How to use phdf5 in Spark

fusy · August 23, 2023, 10:45am

The parallel computing framework I am currently using is Spark. However, I have learned that parallel HDF5 file reading is typically implemented using MPI. I would like to inquire if there is a method or technique available that would allow me to achieve parallel HDF5 file reading functionality within Spark.
Thank you in advance for any assistance or guidance you can provide.

gheber · August 23, 2023, 11:39am

Where is your data stored?

You can have Spark tasks reading the same or different HDF5 files independently using the serial HDF5 library. Assuming you are using Java, HDFql might be a good choice. And there are other fine choices, such as jHDF and JavaCPP.

G.

fusy · August 23, 2023, 11:48am

Thanks for your help.
The data is stored in a distributed file system, such as Lustre.
However, due to the large size of individual HDF5 file, the reading process takes a long time.

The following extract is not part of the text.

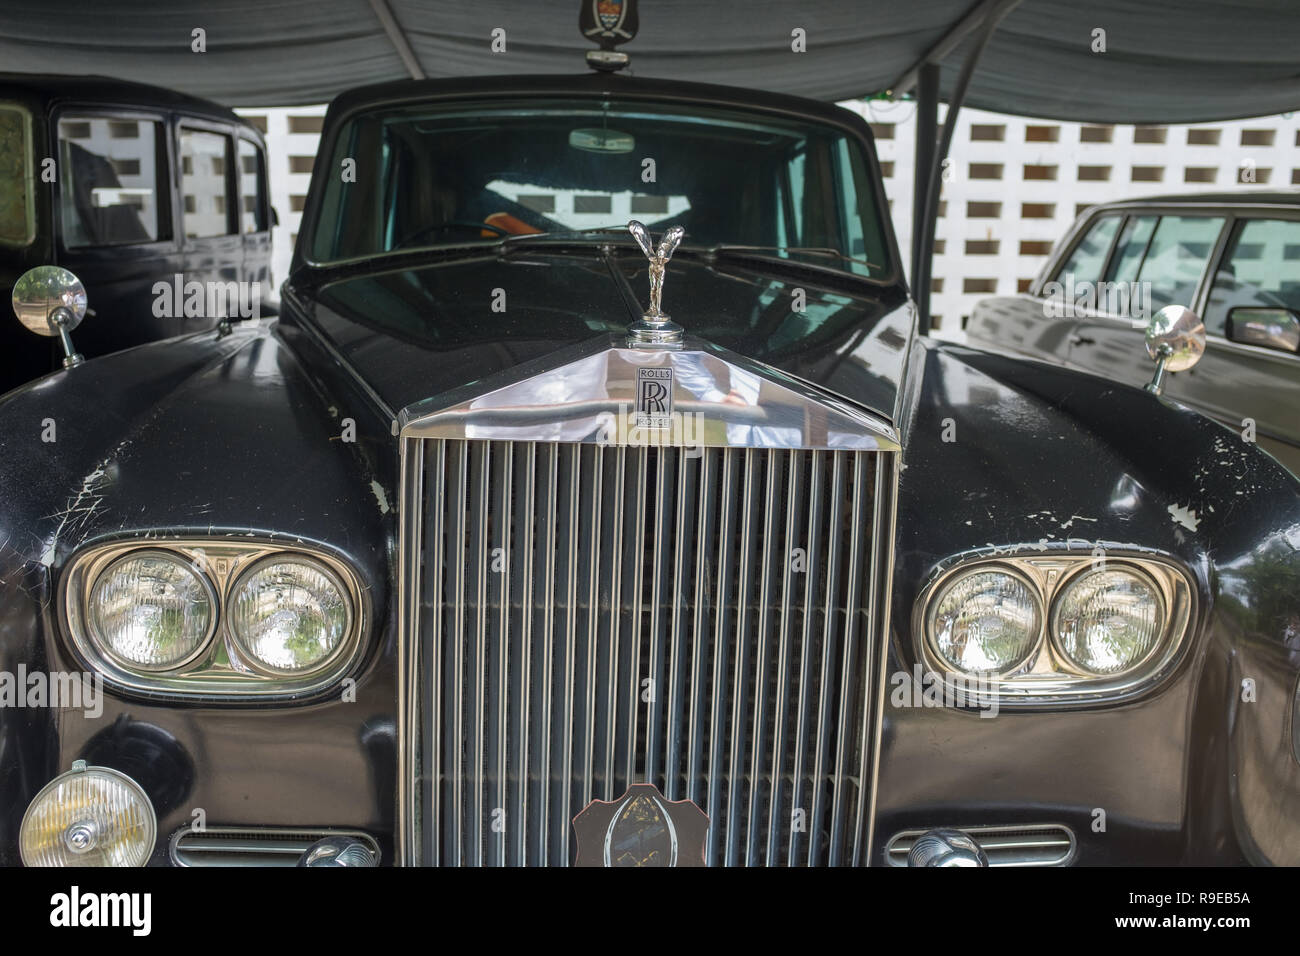 Dar es Salaam, Tanzanie, 7 mars 2018 : Rolls Royce construit en 1938 et utilisé par Sir Richard Turnbull, le dernier gouverneur britannique, dans le Musée National Banque D'Images

Therefore, we want to accelerate the reading process by parallelization.
Currently, we are using Python as the implementation language.

gheber · August 23, 2023, 11:45pm

This blog post covered a slightly different topic, but the general idea should work in your case. If you have a single or a few large HDF5 files, you need a strategy which Spark task should read which files/datasets/hyperslabs. Just create a CSV file that lists the portions of the HDF5 inventory that you want each Spark task to read, and take it from there.

Remember that Spark tasks don’t communicate like MPI tasks. If you want MPI in the mix, you could look at MPI4Spark, e.g., Spark Meets MPI: Towards High-Performance Communication Framework for Spark using MPI | IEEE Conference Publication | IEEE Xplore.

OK? G.